BEGIN Data segment

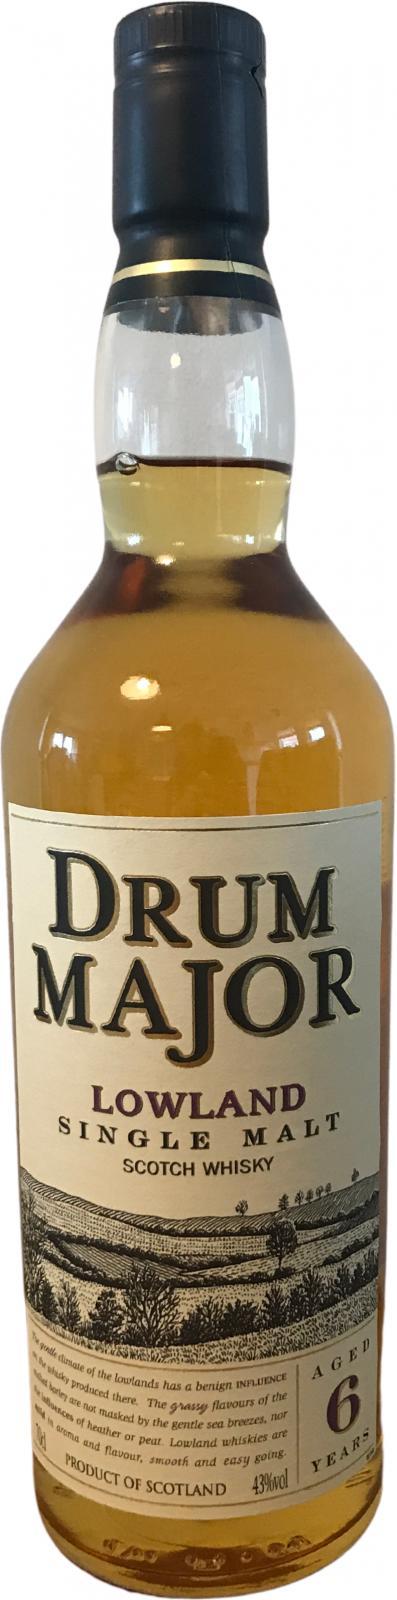 Drum Major 06-year-old
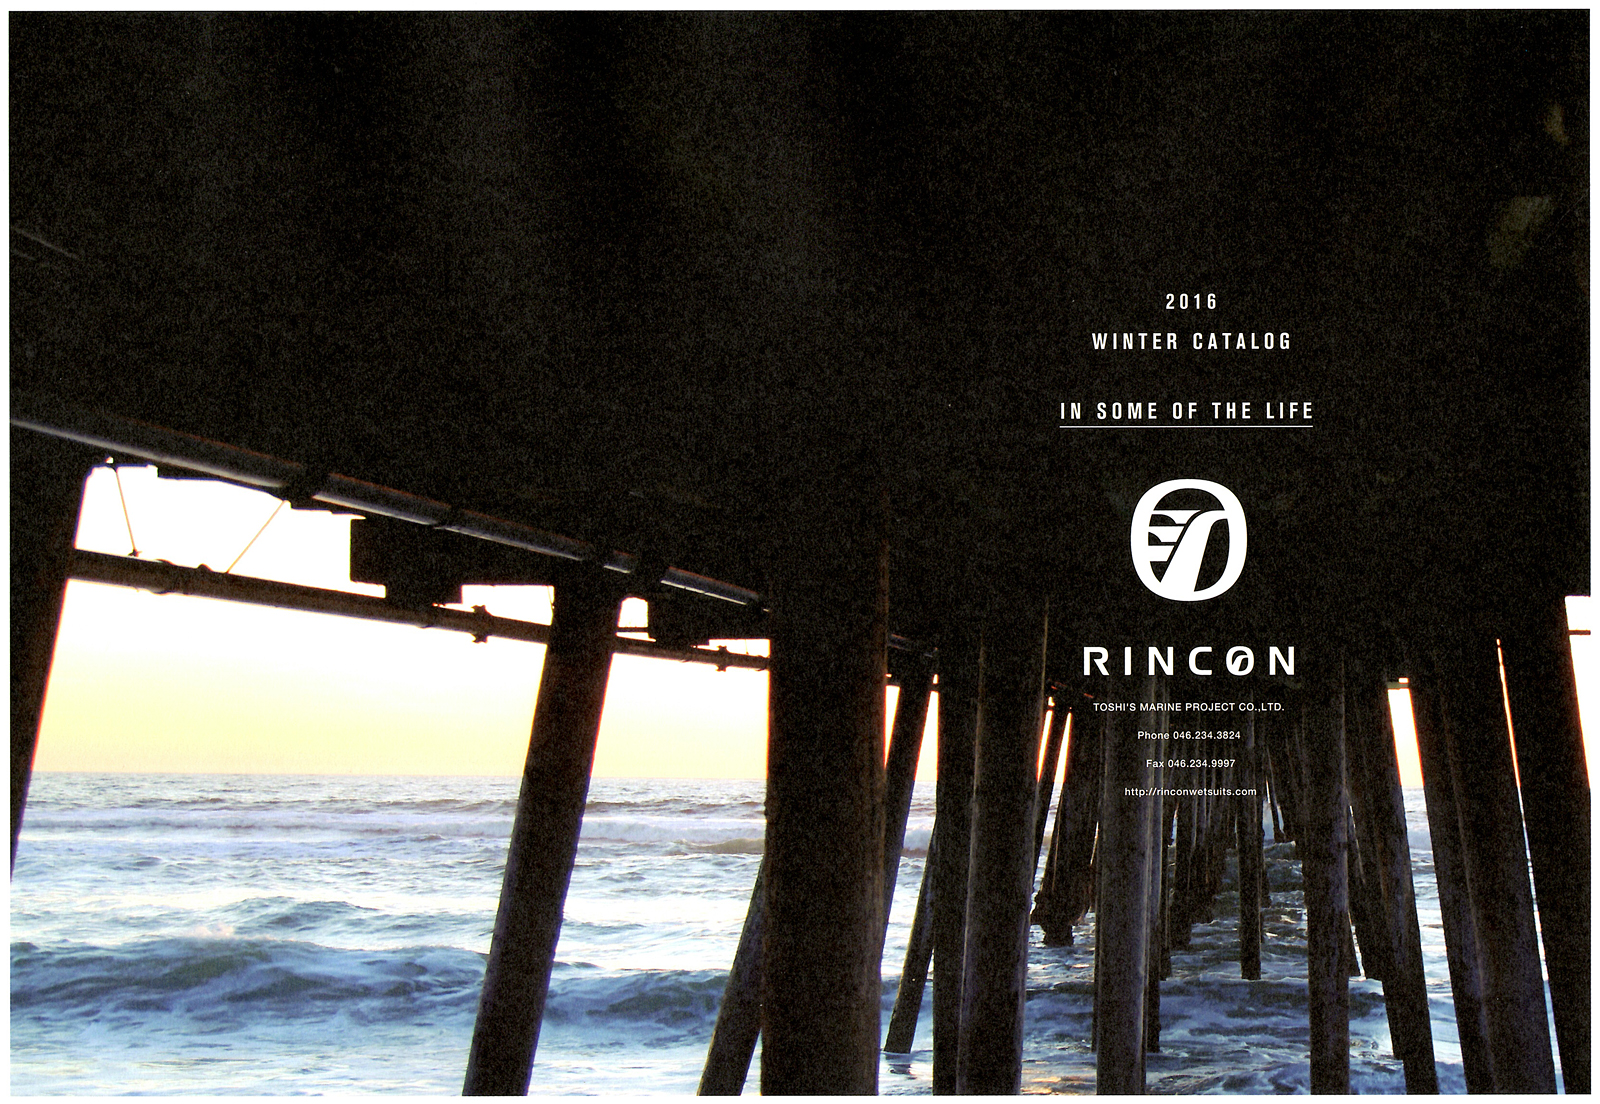 rincon-1
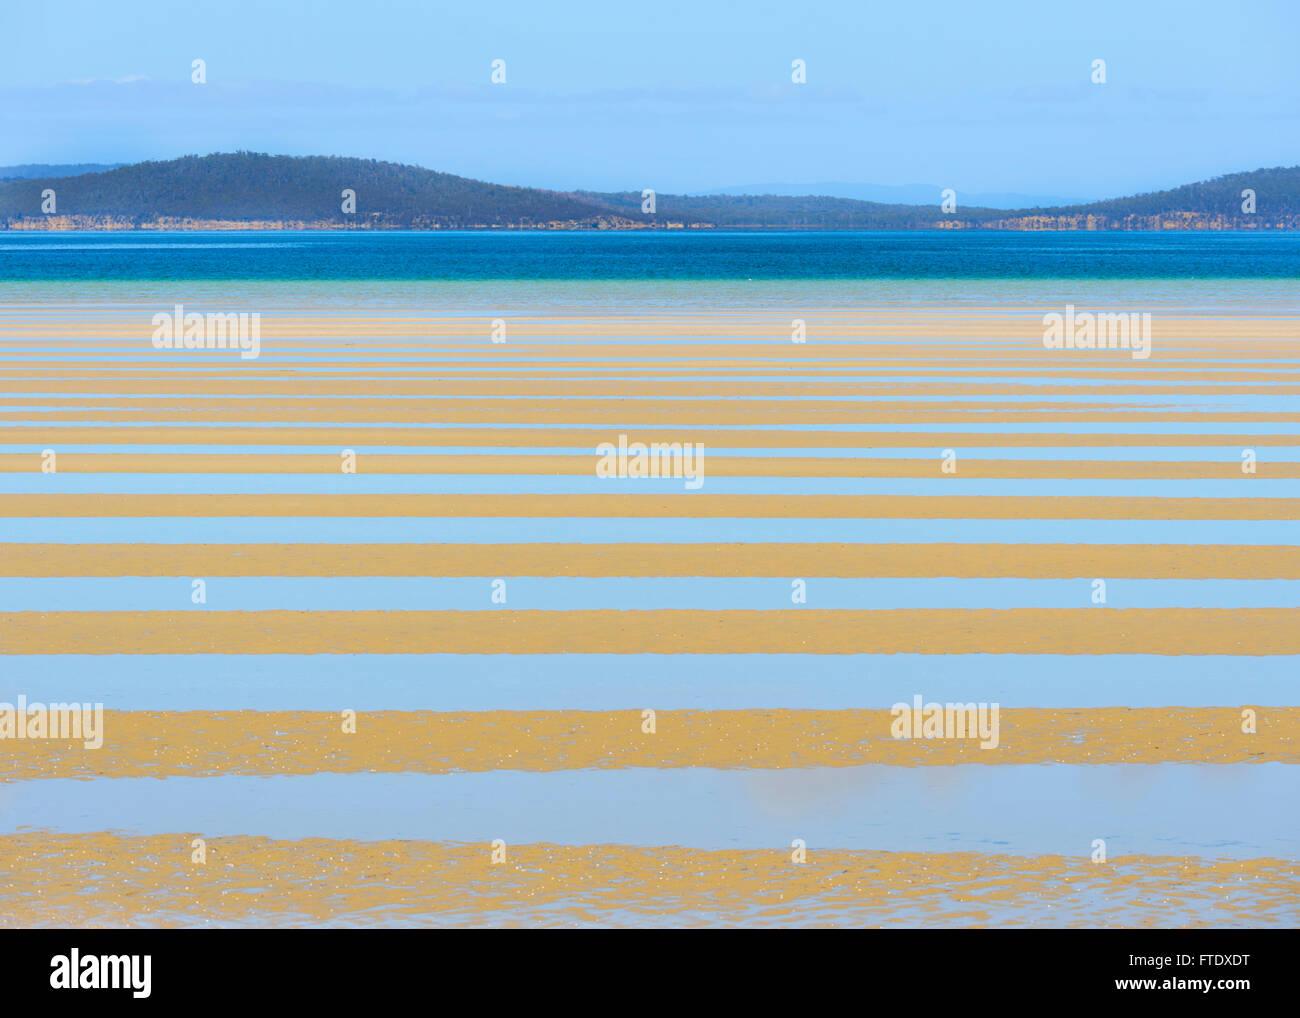 low-tide-near-sorrell-tasman-peninsula-tasmania-australia-FTDXDT.jpg
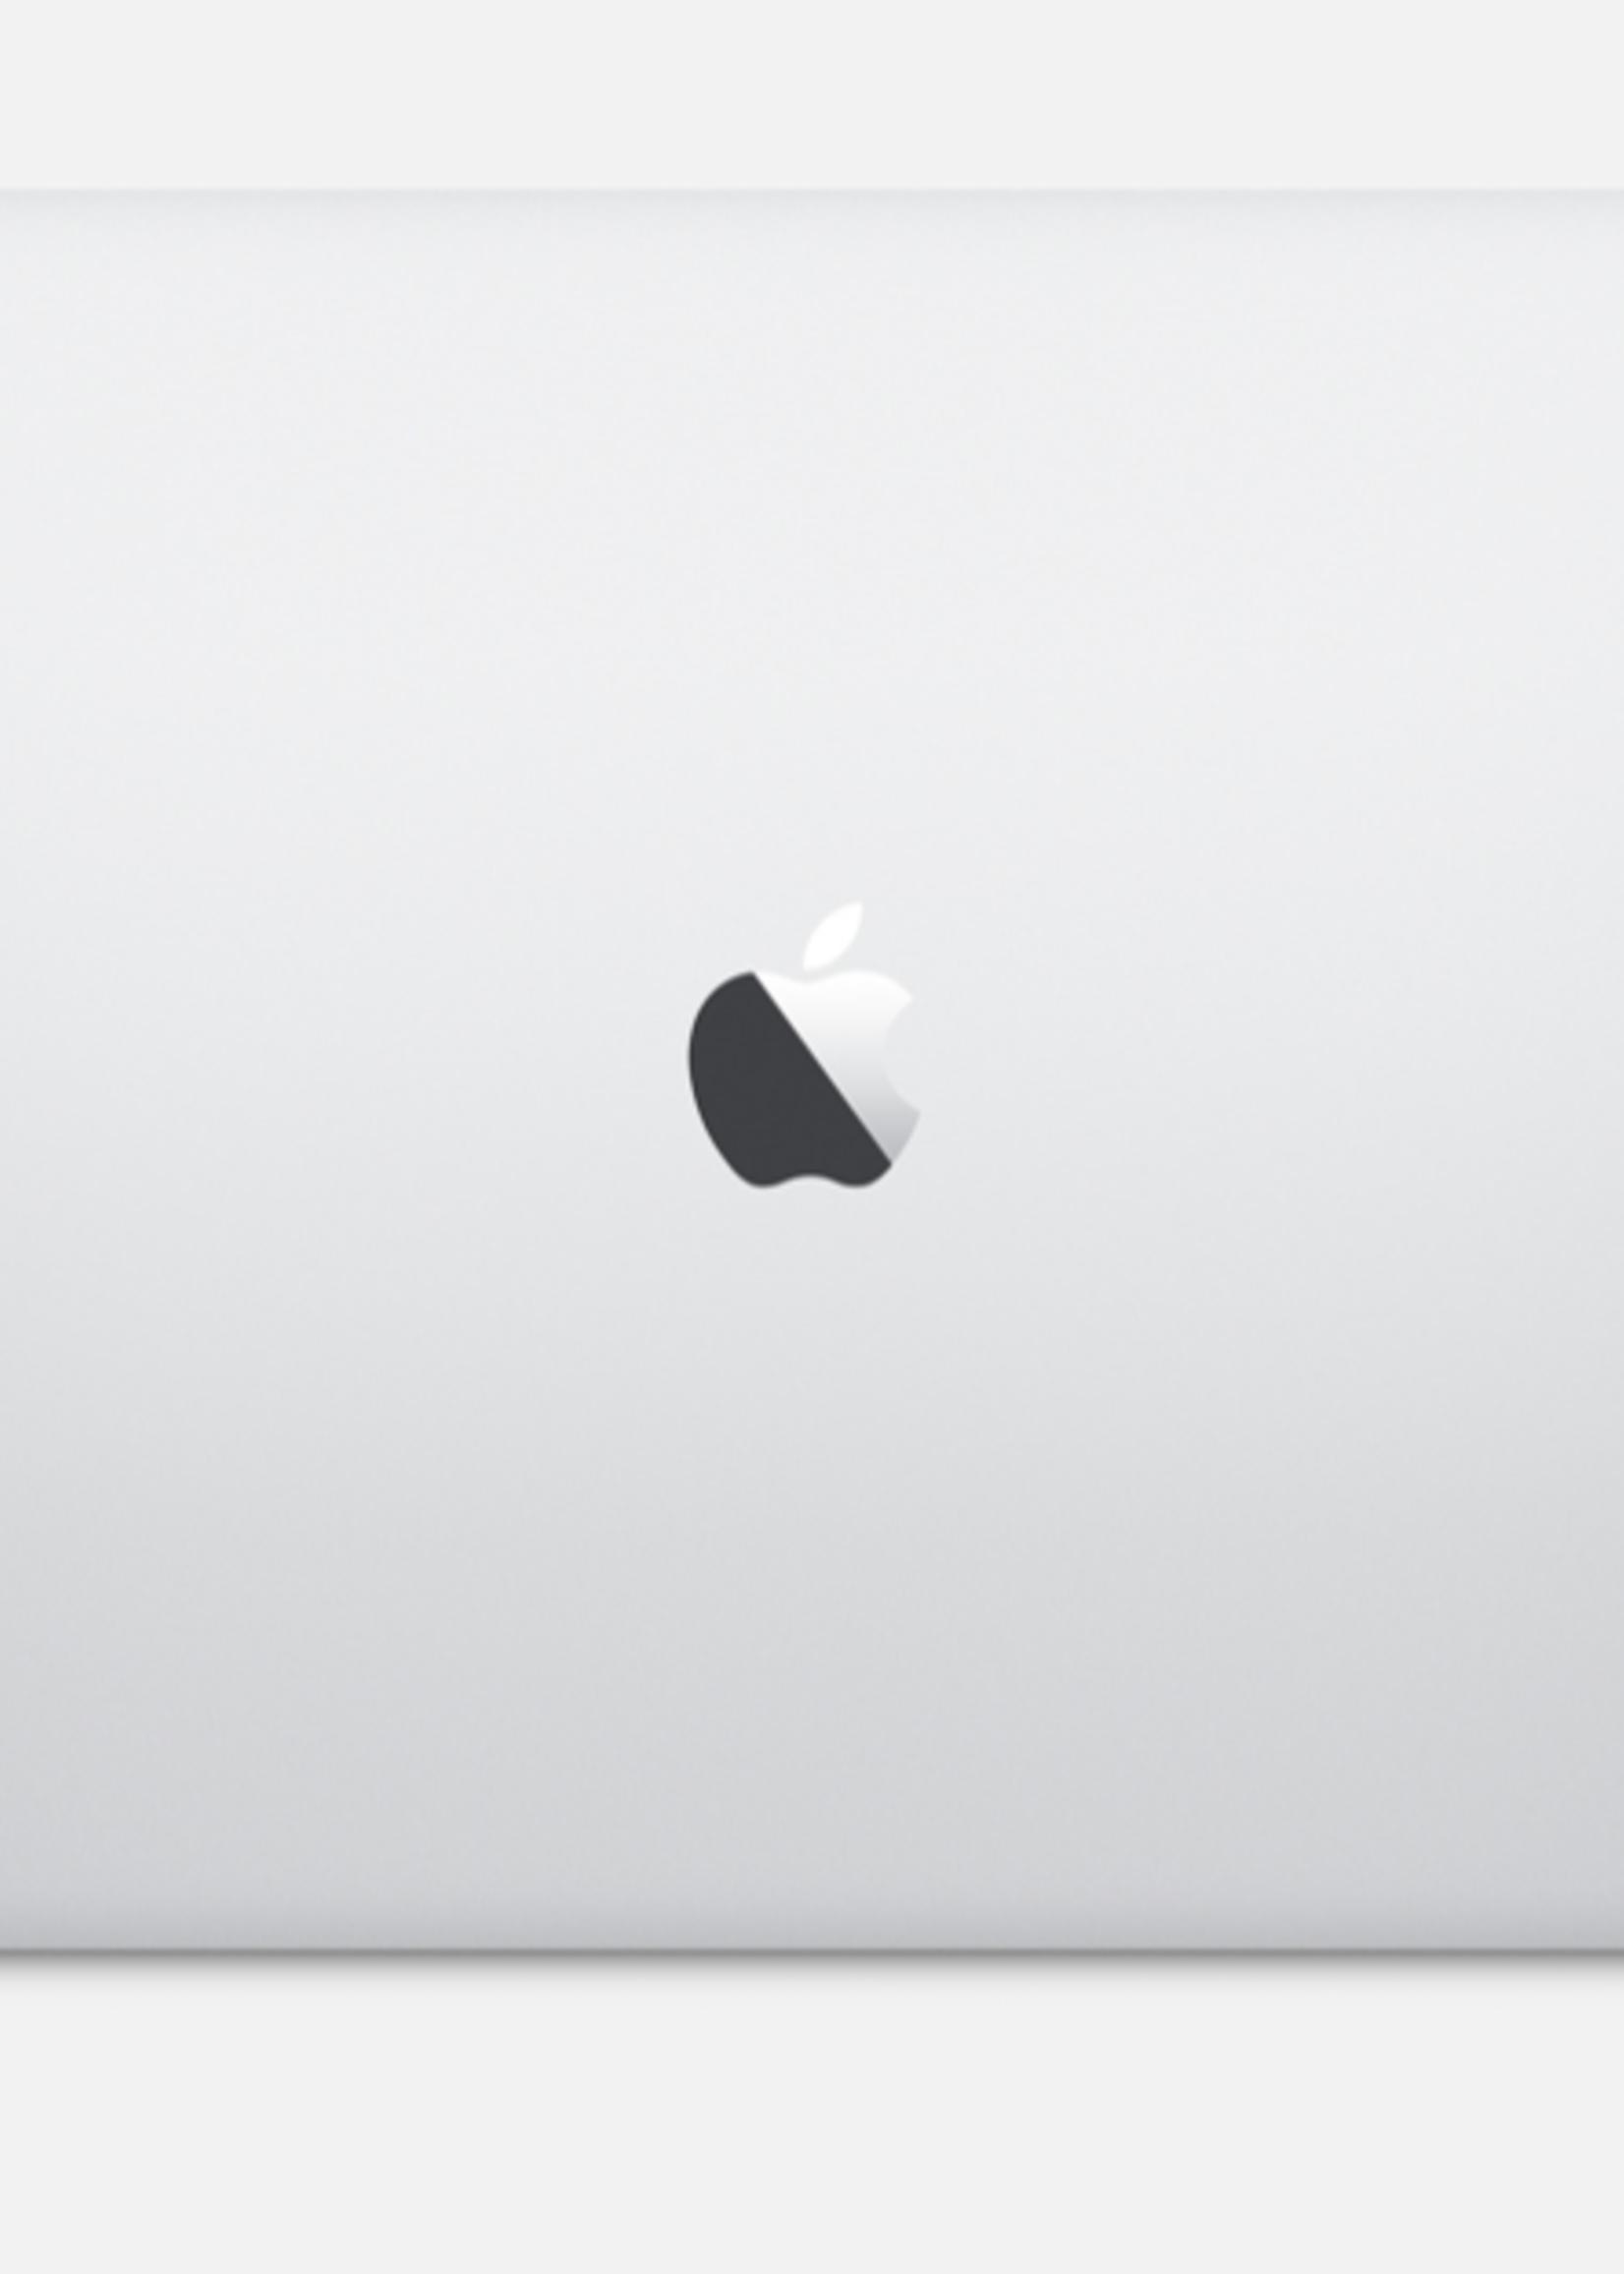 "15"" Macbook Pro w/ touch - 256GB - silver"

END Data segment

What the exercise asks ::
Every line of the listing above is to be set down verbatim, without the pictures.

Answer to this task ::
 Drum Major 06-year-old
 rincon-1
 low-tide-near-sorrell-tasman-peninsula-tasmania-australia-FTDXDT.jpg
 "15"" Macbook Pro w/ touch - 256GB - silver"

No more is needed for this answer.